In affected flocks, OPA can result in the death of one to 20 per cent of the sheep in a year and poses a significant economic problem for farmers as a result. However, the reason why the sheep respond so badly to the virus is currently poorly understood.

The study, led by researchers from the Moredun Research Institute and the University of Edinburgh, looked at how lung cells change when infected with JSRV. It was found that cells related to the immune system and the formation of cancer had altered gene expression, which affects the production of proteins important for cell function.

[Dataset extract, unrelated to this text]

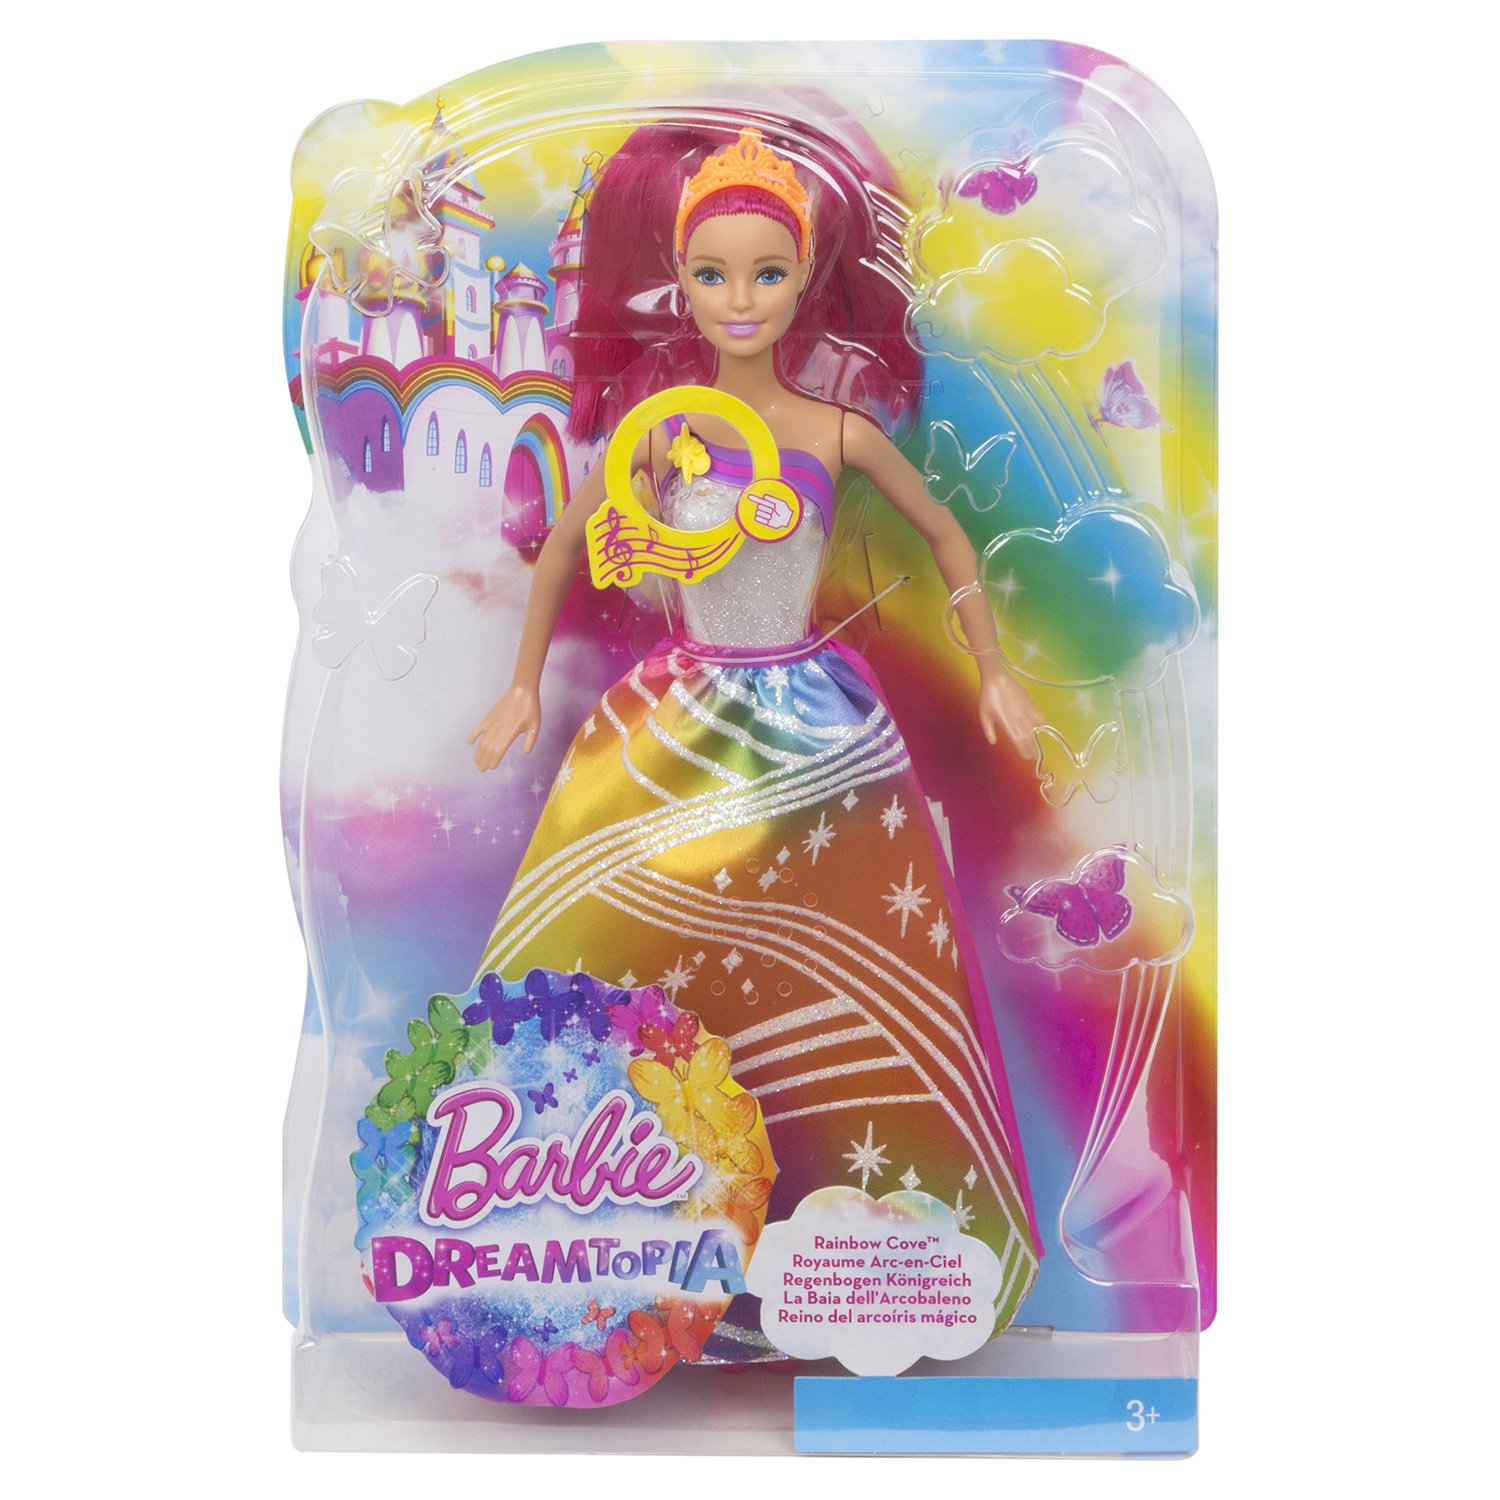 Интерактивная кукла Barbie Радужная принцесса с волшебными волосами, DPP90

“Understanding the genes that are switched on or off during JSRV infection provides important clues as to how the virus initiates cancer and may lead to novel routes for combating the disease,” said Dr David Griffiths of the Institute.

Investigating OPA also represents a valuable tool for studying some forms of human lung cancer, owing to similarities in how the cancer cells are activated in the sheep and human diseases.  By comparing their results on OPA to previously published data on human lung cancer, the research team found a large degree of overlap in the genes that were ‘faulty’.

Lung cancer is difficult to diagnose in its early stages in both sheep and humans and the discovery of common markers could lead to improved early detection of cancer in both sheep and humans.